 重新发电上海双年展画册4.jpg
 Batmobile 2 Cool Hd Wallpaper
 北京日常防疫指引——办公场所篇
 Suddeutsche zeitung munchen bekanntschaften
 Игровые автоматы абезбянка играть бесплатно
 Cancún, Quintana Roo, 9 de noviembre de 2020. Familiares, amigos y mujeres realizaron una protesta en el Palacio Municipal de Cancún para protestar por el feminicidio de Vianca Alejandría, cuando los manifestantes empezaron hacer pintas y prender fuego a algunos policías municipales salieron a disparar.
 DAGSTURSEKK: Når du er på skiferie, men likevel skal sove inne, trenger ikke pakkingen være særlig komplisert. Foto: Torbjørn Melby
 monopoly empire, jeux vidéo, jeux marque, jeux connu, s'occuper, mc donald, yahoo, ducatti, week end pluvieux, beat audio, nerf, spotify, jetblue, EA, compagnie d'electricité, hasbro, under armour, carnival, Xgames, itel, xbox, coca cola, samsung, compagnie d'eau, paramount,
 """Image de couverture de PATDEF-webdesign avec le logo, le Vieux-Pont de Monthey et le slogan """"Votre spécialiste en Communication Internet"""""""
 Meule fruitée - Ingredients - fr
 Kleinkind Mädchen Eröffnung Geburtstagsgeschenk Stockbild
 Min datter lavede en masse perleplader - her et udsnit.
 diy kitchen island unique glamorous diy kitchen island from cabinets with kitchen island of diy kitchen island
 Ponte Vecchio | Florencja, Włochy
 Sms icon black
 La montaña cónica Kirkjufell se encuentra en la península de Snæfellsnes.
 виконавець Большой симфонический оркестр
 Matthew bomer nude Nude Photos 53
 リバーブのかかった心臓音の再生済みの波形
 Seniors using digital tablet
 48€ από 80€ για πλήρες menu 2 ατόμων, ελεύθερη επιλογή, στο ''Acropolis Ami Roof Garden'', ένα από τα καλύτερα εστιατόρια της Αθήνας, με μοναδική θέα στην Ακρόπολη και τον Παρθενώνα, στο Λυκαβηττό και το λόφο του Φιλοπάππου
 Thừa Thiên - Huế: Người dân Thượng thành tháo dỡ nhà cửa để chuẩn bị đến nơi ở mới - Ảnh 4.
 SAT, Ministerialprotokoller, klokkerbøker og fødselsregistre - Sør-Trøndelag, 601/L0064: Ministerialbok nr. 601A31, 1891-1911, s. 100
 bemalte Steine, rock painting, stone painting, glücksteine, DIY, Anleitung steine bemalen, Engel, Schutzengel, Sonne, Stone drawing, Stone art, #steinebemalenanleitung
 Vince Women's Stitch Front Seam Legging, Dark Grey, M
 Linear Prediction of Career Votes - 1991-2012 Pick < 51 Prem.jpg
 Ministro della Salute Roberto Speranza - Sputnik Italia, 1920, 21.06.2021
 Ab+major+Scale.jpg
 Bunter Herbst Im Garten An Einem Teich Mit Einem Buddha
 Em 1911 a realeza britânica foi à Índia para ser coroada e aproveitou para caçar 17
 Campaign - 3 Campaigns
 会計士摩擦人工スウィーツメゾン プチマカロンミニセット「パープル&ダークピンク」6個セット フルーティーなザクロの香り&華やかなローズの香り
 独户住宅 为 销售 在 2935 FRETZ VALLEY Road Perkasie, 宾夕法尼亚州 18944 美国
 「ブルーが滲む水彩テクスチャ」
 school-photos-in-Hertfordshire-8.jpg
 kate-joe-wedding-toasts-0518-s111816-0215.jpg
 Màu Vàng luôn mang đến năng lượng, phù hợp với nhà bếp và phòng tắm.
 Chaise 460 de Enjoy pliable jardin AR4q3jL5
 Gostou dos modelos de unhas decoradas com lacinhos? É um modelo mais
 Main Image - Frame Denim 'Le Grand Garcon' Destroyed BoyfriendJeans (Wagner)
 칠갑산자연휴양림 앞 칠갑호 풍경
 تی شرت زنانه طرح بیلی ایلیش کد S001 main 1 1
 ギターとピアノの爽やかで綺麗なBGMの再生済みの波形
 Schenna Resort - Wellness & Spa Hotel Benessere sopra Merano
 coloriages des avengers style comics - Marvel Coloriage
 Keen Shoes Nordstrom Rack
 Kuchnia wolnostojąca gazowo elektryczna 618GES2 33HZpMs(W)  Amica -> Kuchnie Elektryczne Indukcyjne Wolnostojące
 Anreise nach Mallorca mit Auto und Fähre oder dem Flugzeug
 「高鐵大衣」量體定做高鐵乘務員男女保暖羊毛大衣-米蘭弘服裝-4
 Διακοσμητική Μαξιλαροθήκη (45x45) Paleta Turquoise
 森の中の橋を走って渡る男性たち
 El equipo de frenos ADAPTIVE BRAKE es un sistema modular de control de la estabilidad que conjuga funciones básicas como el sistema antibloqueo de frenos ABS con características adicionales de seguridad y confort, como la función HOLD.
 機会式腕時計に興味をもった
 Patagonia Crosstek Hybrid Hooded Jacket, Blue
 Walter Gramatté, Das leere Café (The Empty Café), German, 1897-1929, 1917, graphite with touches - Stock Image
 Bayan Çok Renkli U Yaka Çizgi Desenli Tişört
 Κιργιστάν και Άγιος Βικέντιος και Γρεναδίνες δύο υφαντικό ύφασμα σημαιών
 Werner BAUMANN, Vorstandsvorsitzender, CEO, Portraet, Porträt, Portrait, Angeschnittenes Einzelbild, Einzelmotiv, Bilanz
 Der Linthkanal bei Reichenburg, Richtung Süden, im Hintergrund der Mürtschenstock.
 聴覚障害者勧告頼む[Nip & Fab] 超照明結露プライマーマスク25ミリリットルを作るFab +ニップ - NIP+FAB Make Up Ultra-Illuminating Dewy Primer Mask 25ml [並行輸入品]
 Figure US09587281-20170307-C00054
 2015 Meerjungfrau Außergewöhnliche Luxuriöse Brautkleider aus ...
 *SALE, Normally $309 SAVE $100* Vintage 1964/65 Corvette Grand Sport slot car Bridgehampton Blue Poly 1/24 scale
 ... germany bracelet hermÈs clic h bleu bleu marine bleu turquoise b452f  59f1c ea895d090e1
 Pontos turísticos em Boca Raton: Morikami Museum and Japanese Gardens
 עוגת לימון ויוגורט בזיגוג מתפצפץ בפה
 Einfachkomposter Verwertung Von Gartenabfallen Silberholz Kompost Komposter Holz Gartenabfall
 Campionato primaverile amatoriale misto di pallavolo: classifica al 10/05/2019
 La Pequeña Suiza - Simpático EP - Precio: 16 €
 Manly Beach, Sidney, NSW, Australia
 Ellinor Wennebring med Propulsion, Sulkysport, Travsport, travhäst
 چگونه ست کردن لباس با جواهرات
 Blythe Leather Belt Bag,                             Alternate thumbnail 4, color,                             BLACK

────────────────────────────────────────

• EXERCISE BRIEF
Out of the material above, output word for word the line with "Thừa Thiên - Huế: Người", the line with "森の中の橋を走って渡る男性たち", and all lines between them, with nothing else.

• REPLY TO THE TASK
 Thừa Thiên - Huế: Người dân Thượng thành tháo dỡ nhà cửa để chuẩn bị đến nơi ở mới - Ảnh 4.
 SAT, Ministerialprotokoller, klokkerbøker og fødselsregistre - Sør-Trøndelag, 601/L0064: Ministerialbok nr. 601A31, 1891-1911, s. 100
 bemalte Steine, rock painting, stone painting, glücksteine, DIY, Anleitung steine bemalen, Engel, Schutzengel, Sonne, Stone drawing, Stone art, #steinebemalenanleitung
 Vince Women's Stitch Front Seam Legging, Dark Grey, M
 Linear Prediction of Career Votes - 1991-2012 Pick < 51 Prem.jpg
 Ministro della Salute Roberto Speranza - Sputnik Italia, 1920, 21.06.2021
 Ab+major+Scale.jpg
 Bunter Herbst Im Garten An Einem Teich Mit Einem Buddha
 Em 1911 a realeza britânica foi à Índia para ser coroada e aproveitou para caçar 17
 Campaign - 3 Campaigns
 会計士摩擦人工スウィーツメゾン プチマカロンミニセット「パープル&ダークピンク」6個セット フルーティーなザクロの香り&華やかなローズの香り
 独户住宅 为 销售 在 2935 FRETZ VALLEY Road Perkasie, 宾夕法尼亚州 18944 美国
 「ブルーが滲む水彩テクスチャ」
 school-photos-in-Hertfordshire-8.jpg
 kate-joe-wedding-toasts-0518-s111816-0215.jpg
 Màu Vàng luôn mang đến năng lượng, phù hợp với nhà bếp và phòng tắm.
 Chaise 460 de Enjoy pliable jardin AR4q3jL5
 Gostou dos modelos de unhas decoradas com lacinhos? É um modelo mais
 Main Image - Frame Denim 'Le Grand Garcon' Destroyed BoyfriendJeans (Wagner)
 칠갑산자연휴양림 앞 칠갑호 풍경
 تی شرت زنانه طرح بیلی ایلیش کد S001 main 1 1
 ギターとピアノの爽やかで綺麗なBGMの再生済みの波形
 Schenna Resort - Wellness & Spa Hotel Benessere sopra Merano
 coloriages des avengers style comics - Marvel Coloriage
 Keen Shoes Nordstrom Rack
 Kuchnia wolnostojąca gazowo elektryczna 618GES2 33HZpMs(W)  Amica -> Kuchnie Elektryczne Indukcyjne Wolnostojące
 Anreise nach Mallorca mit Auto und Fähre oder dem Flugzeug
 「高鐵大衣」量體定做高鐵乘務員男女保暖羊毛大衣-米蘭弘服裝-4
 Διακοσμητική Μαξιλαροθήκη (45x45) Paleta Turquoise
 森の中の橋を走って渡る男性たち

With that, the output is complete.